We don't know what were having and we too could be team pink but today it hit me just how much I want a daughter and OH has admitted his devastation in finding out their having a girl too.

We have both said all along that were not bothered etc but the truth be known we both long for a girl and I'm not sure how we'll react if it's a boy.

He's getting himself worked right up at not being able to love a son as much as he would a daughter.

As awful as it sounds I desperately wanted her to have a boy or for them not to find out the sex. I'm devastated that they are getting all the lime light because there having a girl which both families desperately wanted. Now I feel that my baby no matter whether it's a boy or girl will be pushed out :( 

Sorry to vent on here ladies but everytime I even think about her having a daughter the tears start. In my opinion she only got pregnant because all her firends were - childish I know but she seemed to fall pregnant instantly and it took us 8 months to concieve etc. 
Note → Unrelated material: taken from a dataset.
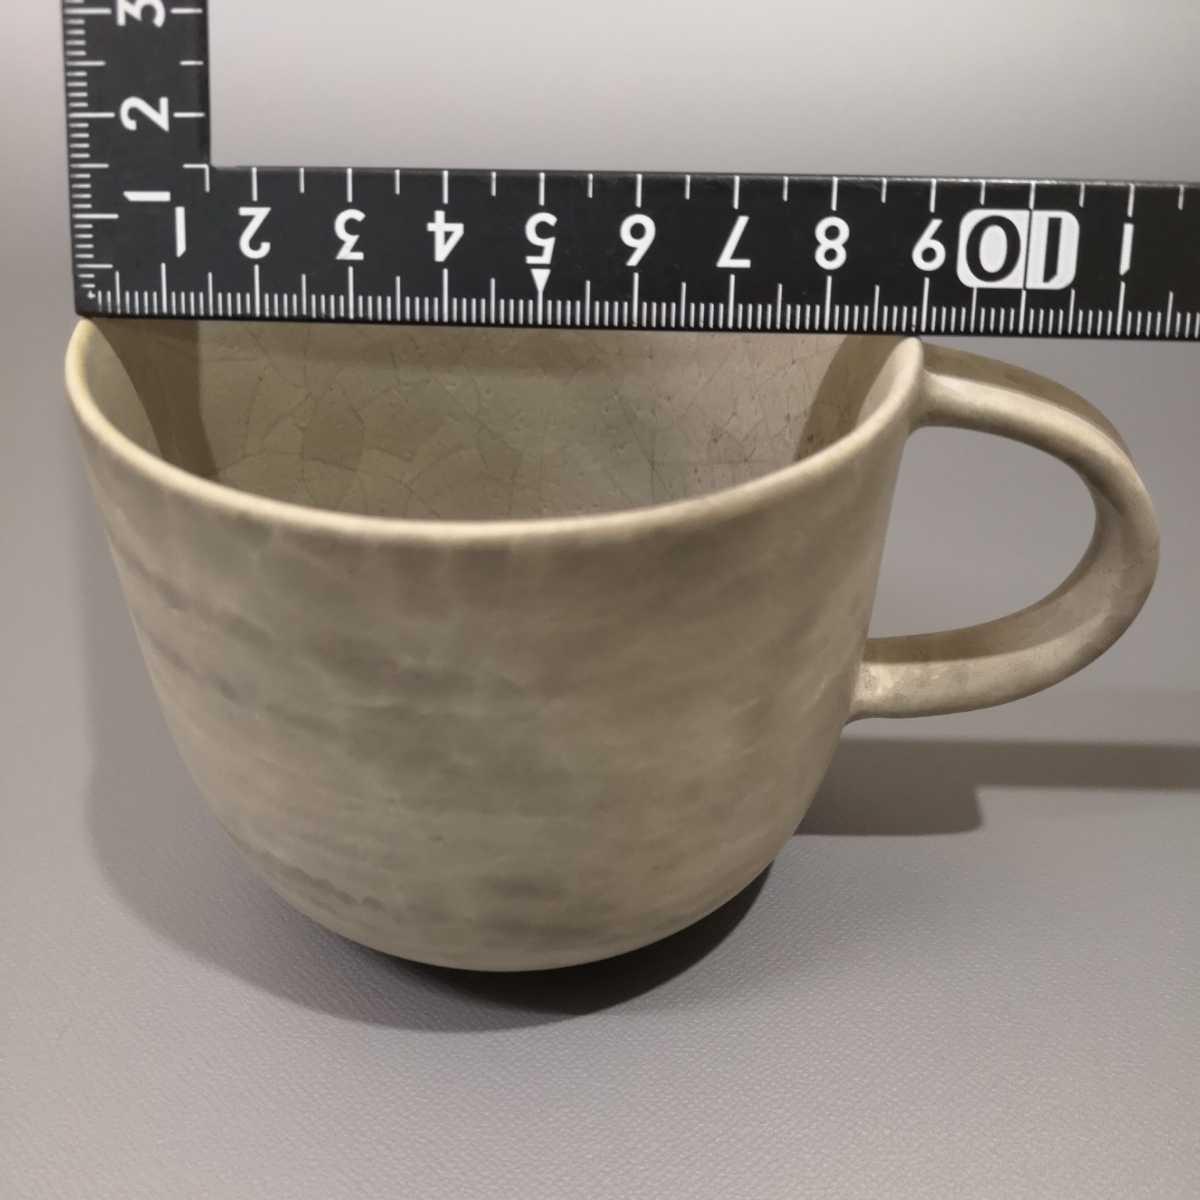 叶46)萩焼 コーヒーカップ マグカップ 珈琲器 未使用新品 同梱歓迎_画像7

I know we are having this baby for all the right reasons etc and I really wish I could help how I feel. Never thought I would be the jealous type :( 

Thank you for reading this


----------



## MeAndMyShadow

sending hugs to you honey xx


----------



## skunkpixie

*Hugs*. I think that its a good thing that you have stayed team yellow. Im certain that when baby is born you will be so happy that you wont mind if you have a boy or a girl. xxx


----------



## pinkribbon

Admittedly I'm feeling a tinge of jealousy at those who've just had baby girls or are pregnant with baby girls so to have someone in your family announcing must be hard. 

I agree with skunkpixie though, staying team yellow may be a blessing in disguise for you both. :hugs:


----------



## pixeldust

Trust me when I say it'll all fade away when your baby is born, whether it's a girl or a boy.

Everyone I knew was "team pink" when I was pregnant, I was literally the only one having a boy, and I was SO jealous. I couldn't bear to congratulate them. I was just so envious that they got to have girls and I was having another boy.

But when our babies were born... the jealously just faded away. My boy who I wondered if I would ever love has been the apple of my eye from the moment he was born, I've never loved or felt so protective towards anything in my entire life (including my first son!). I see photos of my friends daughters... and they do nothing for me! I get the very rare pang of regret if they are wearing a particularly cute outfit, but then I look at my absurdly adorable boy and I wouldn't trade him for all the pink in the world.

(Plus all it takes is hearing stories from friends about their precocious, catty pre-teen daughters to make me even gladder!)


----------